The work done on the bob is given by $W = \int \mathbf F \cdot \mathbf{dr}$, where $\mathbf F = F_r \hat r + F_{\theta} \hat \theta$ and equal to $ (-T + mg \cos \theta) \hat r - mg \sin \theta \hat \theta$, as you wrote. For a general circular motion, the infinitesimal line element that the bob moves along can be expressed in polar coordinates as $\mathbf{dr} = \ell d \theta \hat \theta$, where $\ell$ is the length of the string. So the radial force thus does no work and the computation of the work reduces to $$W = \ell \int_{\theta_0}^{\theta} F_{\theta'}\, d \theta' = -mg \ell \int_{\theta_0}^{\theta} \sin \theta' \, d\theta' = mg \ell (\cos \theta - \cos \theta_0) $$ This is work done by a gravitational force so $\phi(\theta) = -W = mg \ell (\cos \theta_0 -\cos \theta)$.

Reply to $\mathbf{comment2}$:

Consider subtending the bob some angle $\theta_{\text{max}}$ from the vertical and releasing it. At the bottom of the swing, $T(\theta) - mg = m v^2 (\theta)/\ell$ which is to say the tension is greatest here. At an arbitrary point in the motion though, for circular motion to persist, we must have $$T(\theta) - mg \cos \theta = mv^2(\theta)/\ell. \,\,\,\,\,\,\,\,\,\,\,\,\,\,\,\,\,\,\,\,\,\,\,\,\,\,\,\,\,\,\,\,\,\,\,(1)$$ As the bob passes through the bottom point of its swing and is on its way back up to $\theta_{\text{max}}$, the value of $mg \cos \theta$ will decrease which means $T$ must decrease too to preserve $(1)$ (remember there is a relative minus sign between the two terms). We must have a $|\mathbf T | > |m \mathbf g \cos \theta |$ throughout the circular motion so that there is a net radial force directed inwards but, at some point, since both $mg\cos \theta$ and $T$ are decreasing, they will equilibrate and cancel each other out.

This corresponds to the end of the circular motion, which by conservation of energy must occur at $(\pm) \theta_{\text{max}}$. In dissimilarity, $m\mathbf g \sin \theta$ is largest here and directed downwards and thus drives the mass back to execute further circular motion. It is perhaps easier to visualise all these arguments by drawing the net acceleration vectors throughout the motion.

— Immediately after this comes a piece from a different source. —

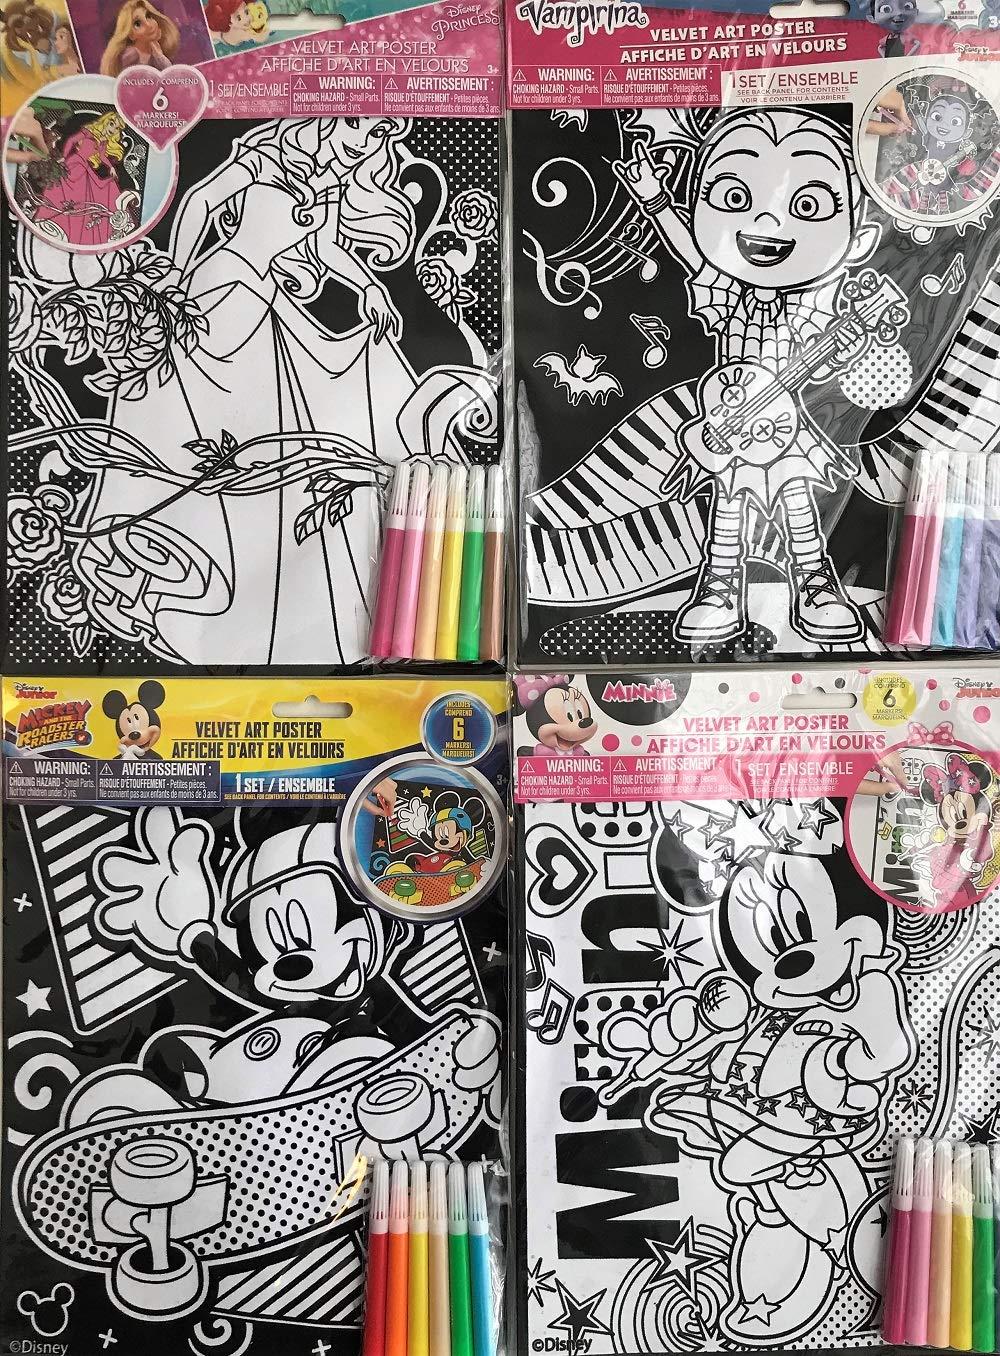 8-ct Set GBI Disney Cartoon Characters Velvet Poster Art Kits

Reply to $\mathbf{comment1}$:

The radial force allows the mass to keep turning so to speak. Break the circular path up into small tangential segments. If we suddenly bring this force to zero then the bob will leave the circular path and follow in the path of the last (straight) tangential segment it was on - it had some velocity before this happened so it will continue to move like this before gravity distorts its path. This is just a consequence of Newton's first law.